**WORK TO COMPLETE:** Would you transcribe the listing that follows, character for character, and omit its images?

**INFORMATION SUPPLIED:**

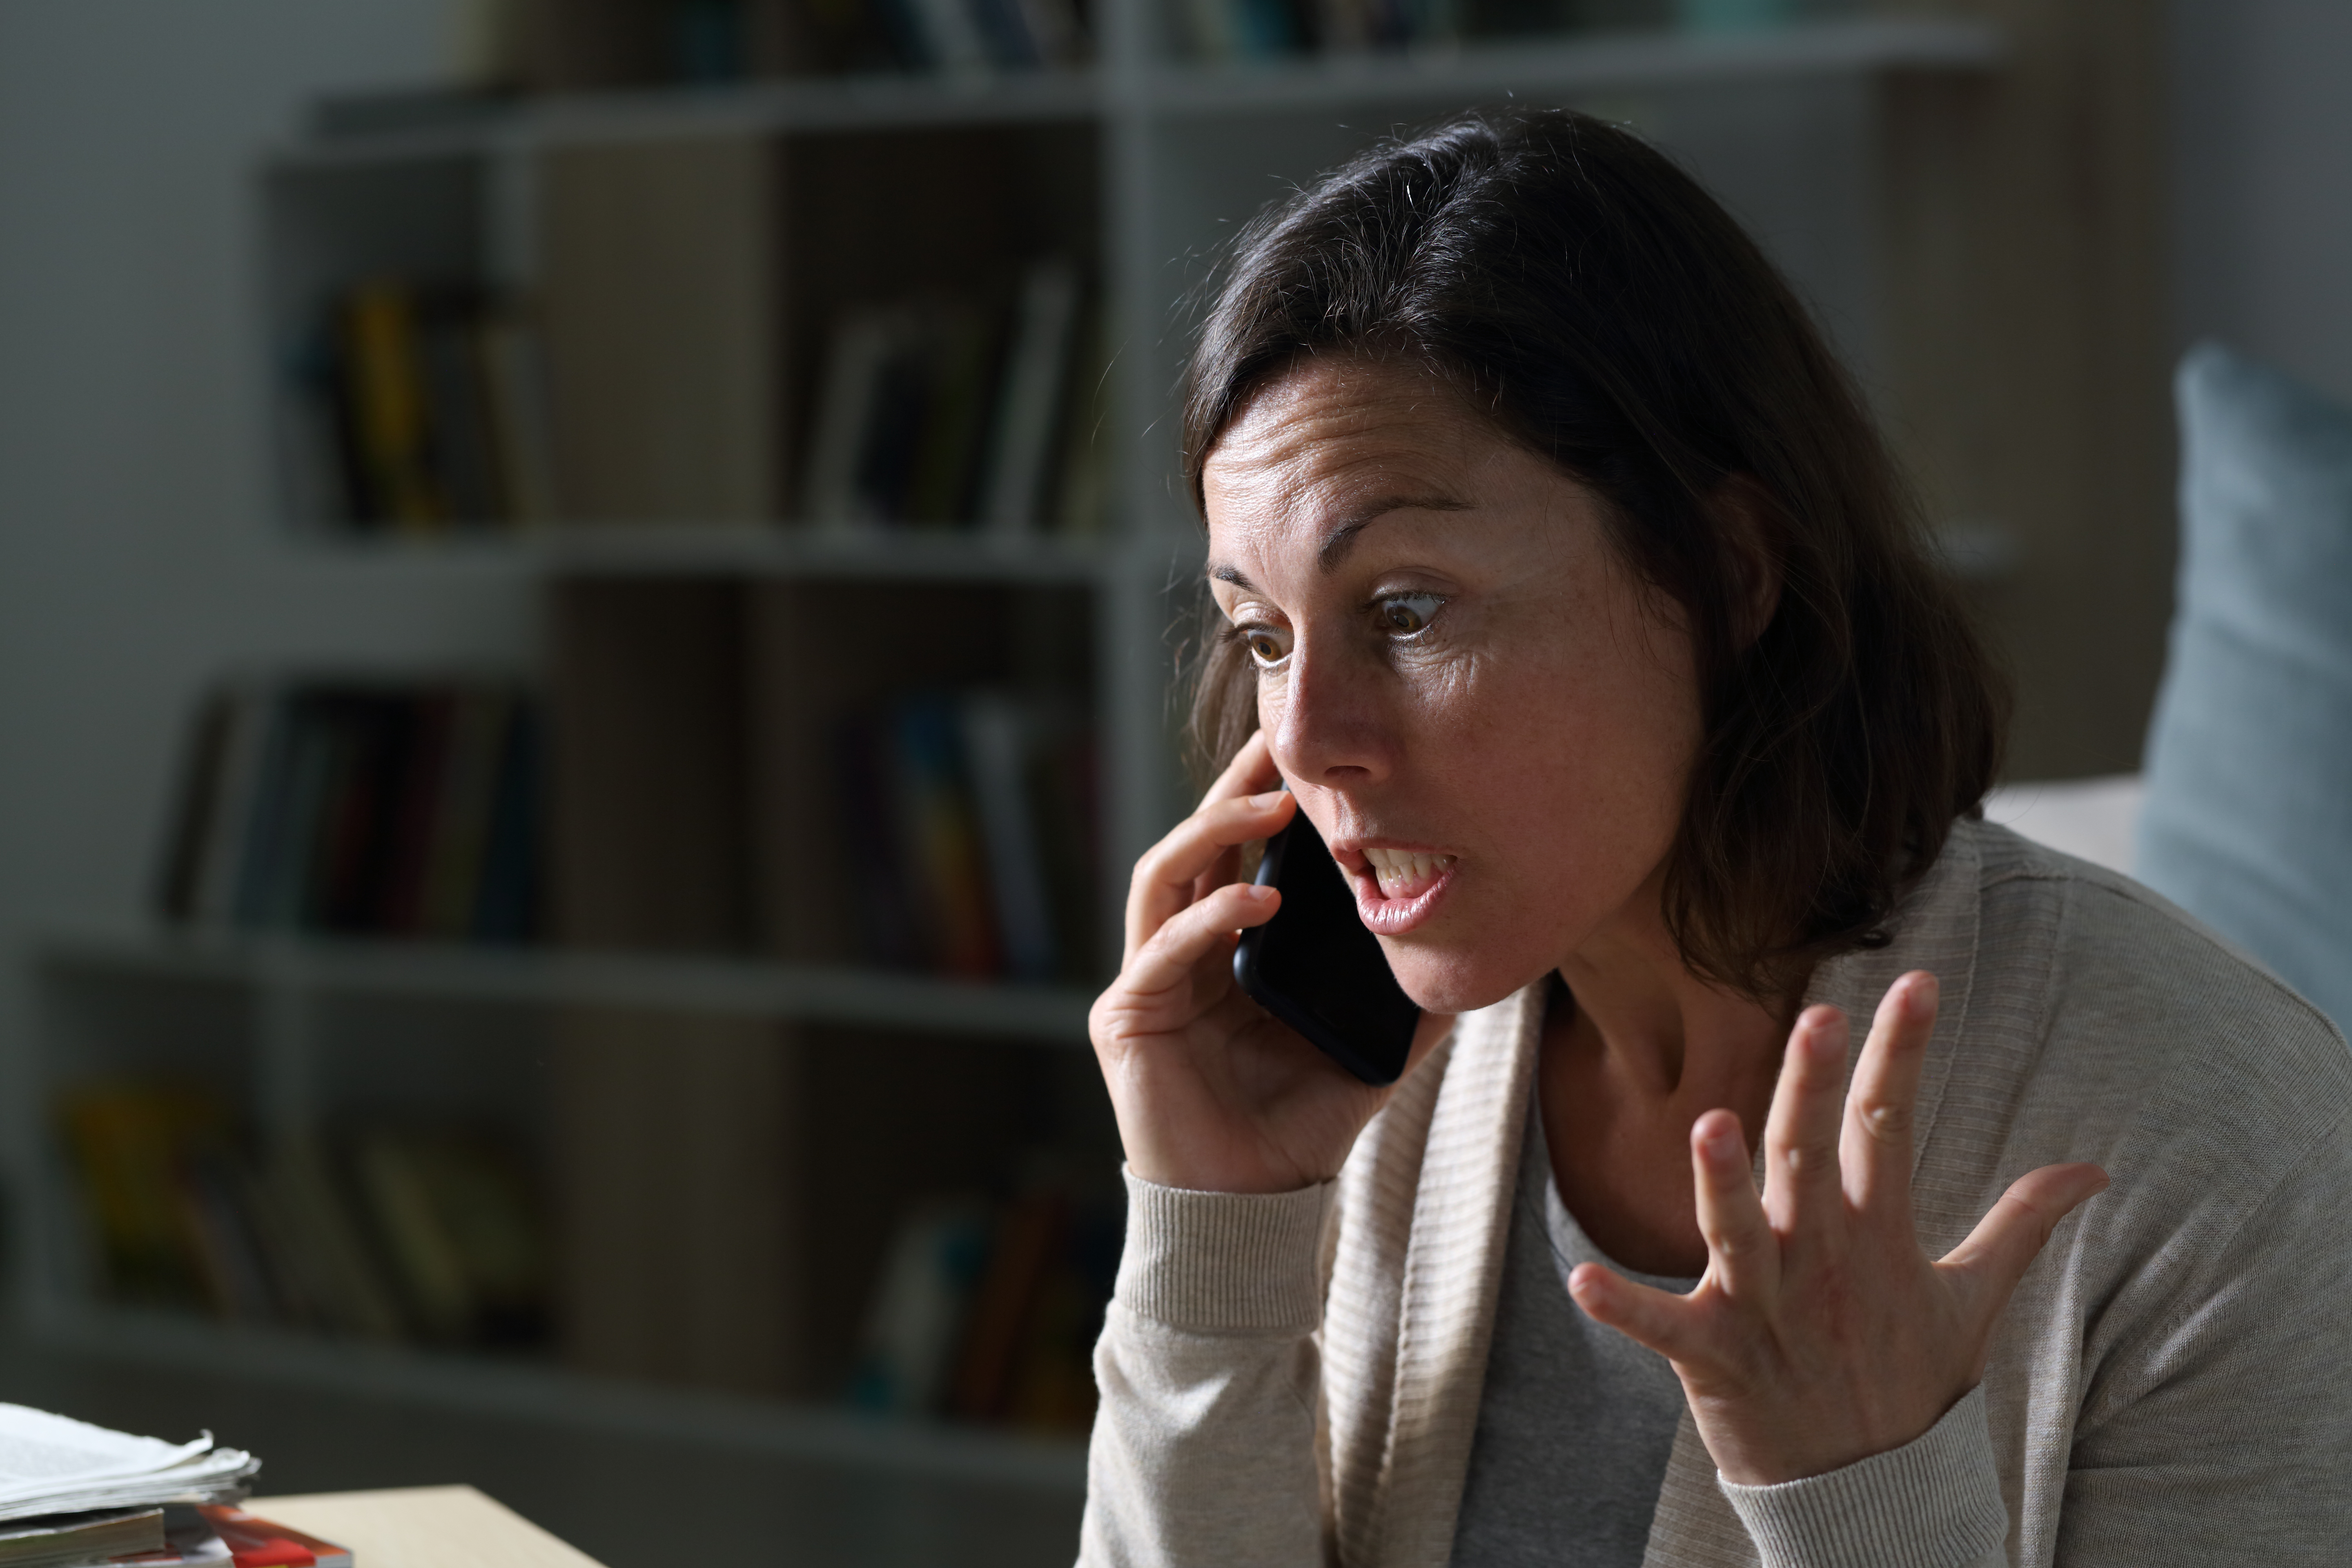 Una mujer enfadada en una llamada | Fuente: Shutterstock
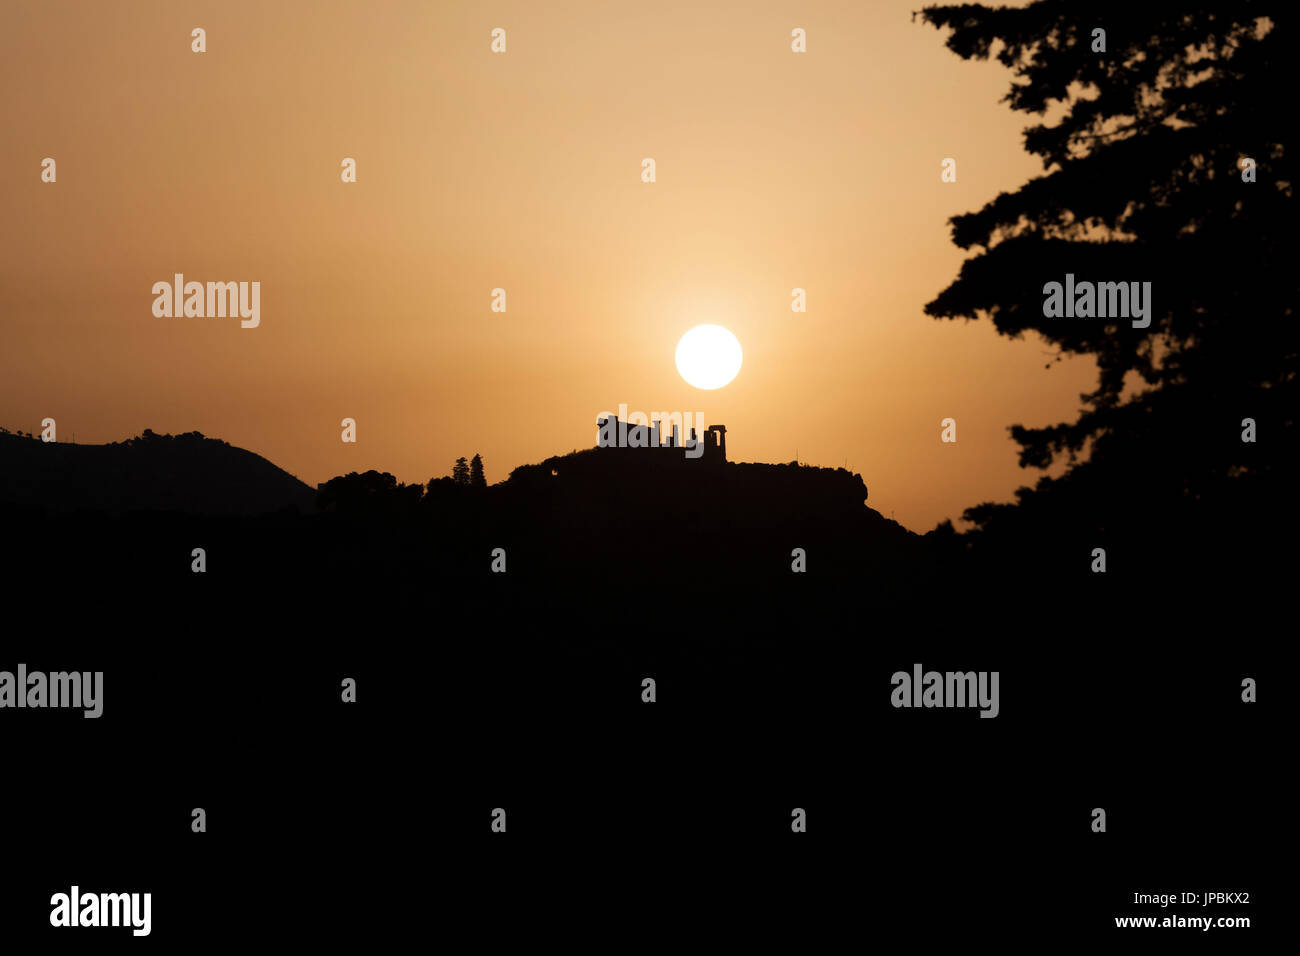 Sonnenuntergang Bilder der Tempel der Juno ein griechischer Tempel der antiken Stadt Akragas Valle dei Templi Agrigento Sizilien Italien Europa Stockfoto
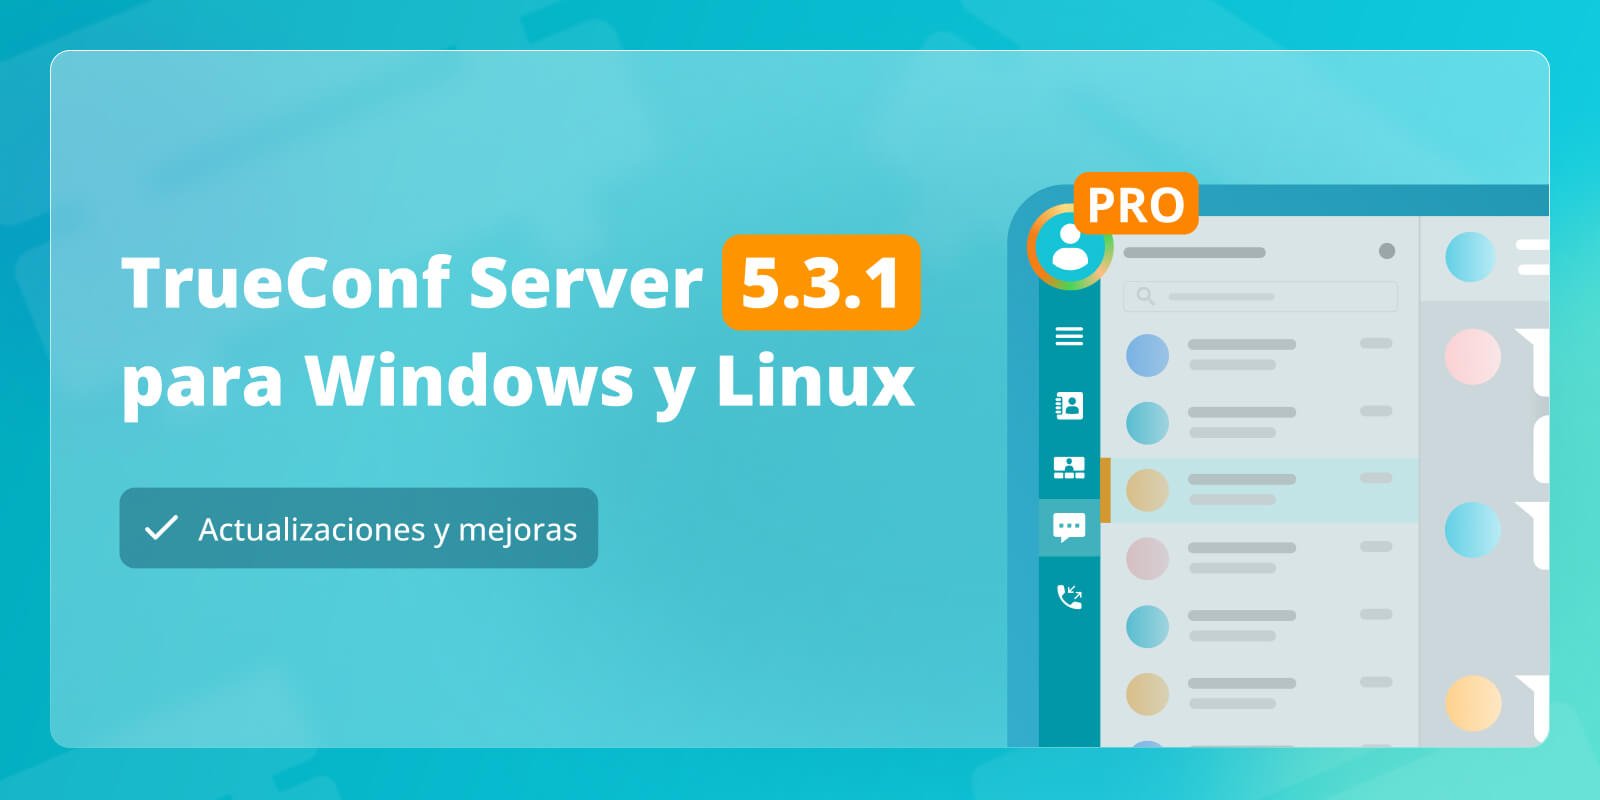 TrueConf Server 5.3.1 para Windows y Linux: Actualizaciones y mejoras 1
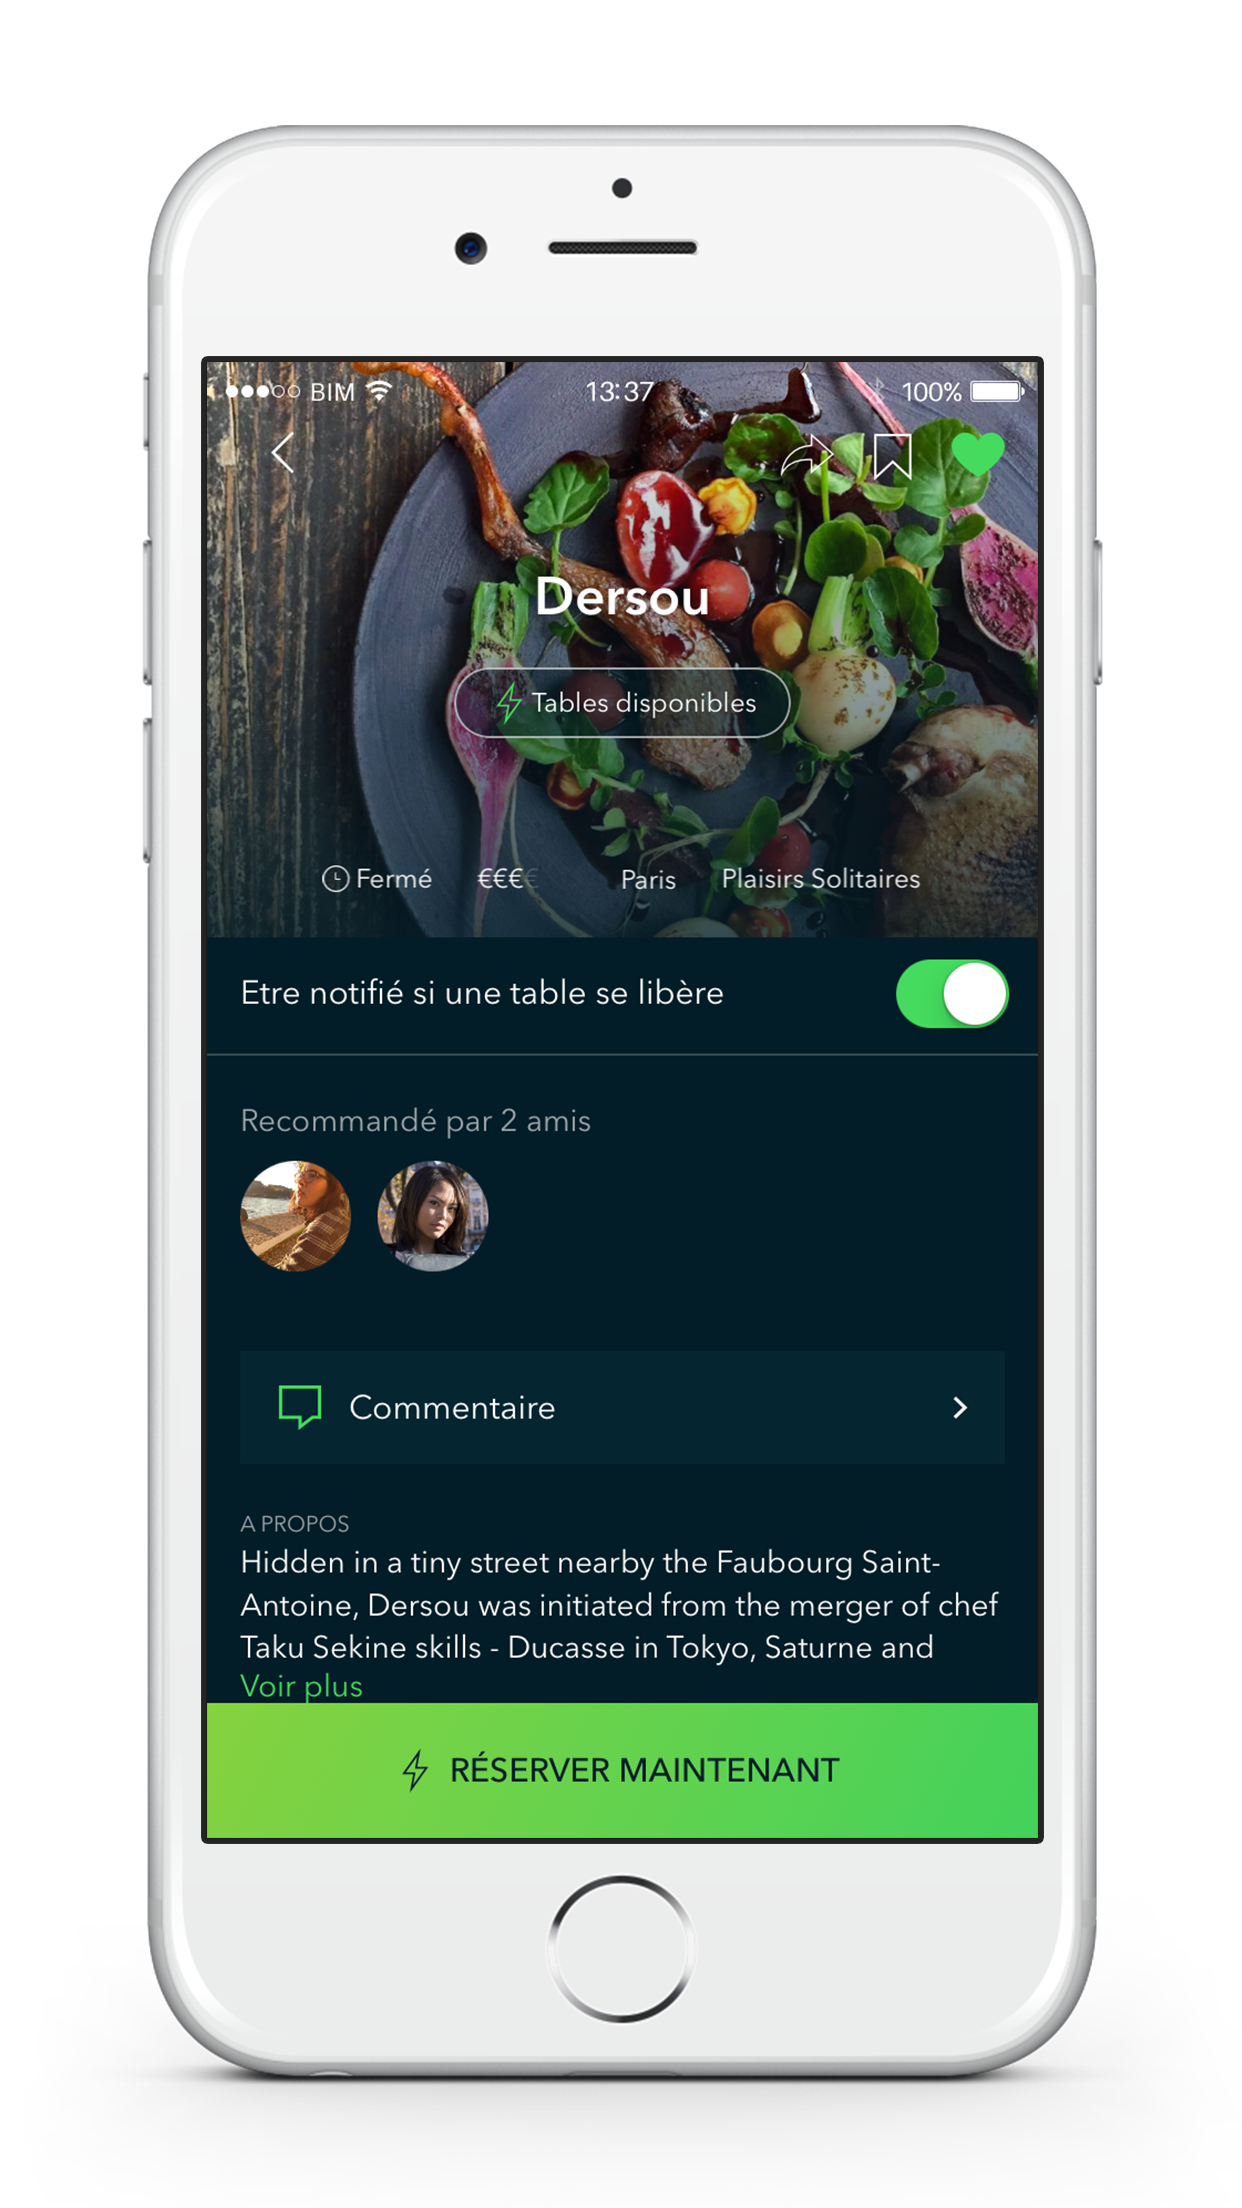 Réserver un restaurant sur Android avec BIM

**YOUR SOLUTION:**
 Una mujer enfadada en una llamada | Fuente: Shutterstock
 Sonnenuntergang Bilder der Tempel der Juno ein griechischer Tempel der antiken Stadt Akragas Valle dei Templi Agrigento Sizilien Italien Europa Stockfoto
 TrueConf Server 5.3.1 para Windows y Linux: Actualizaciones y mejoras 1
 Réserver un restaurant sur Android avec BIM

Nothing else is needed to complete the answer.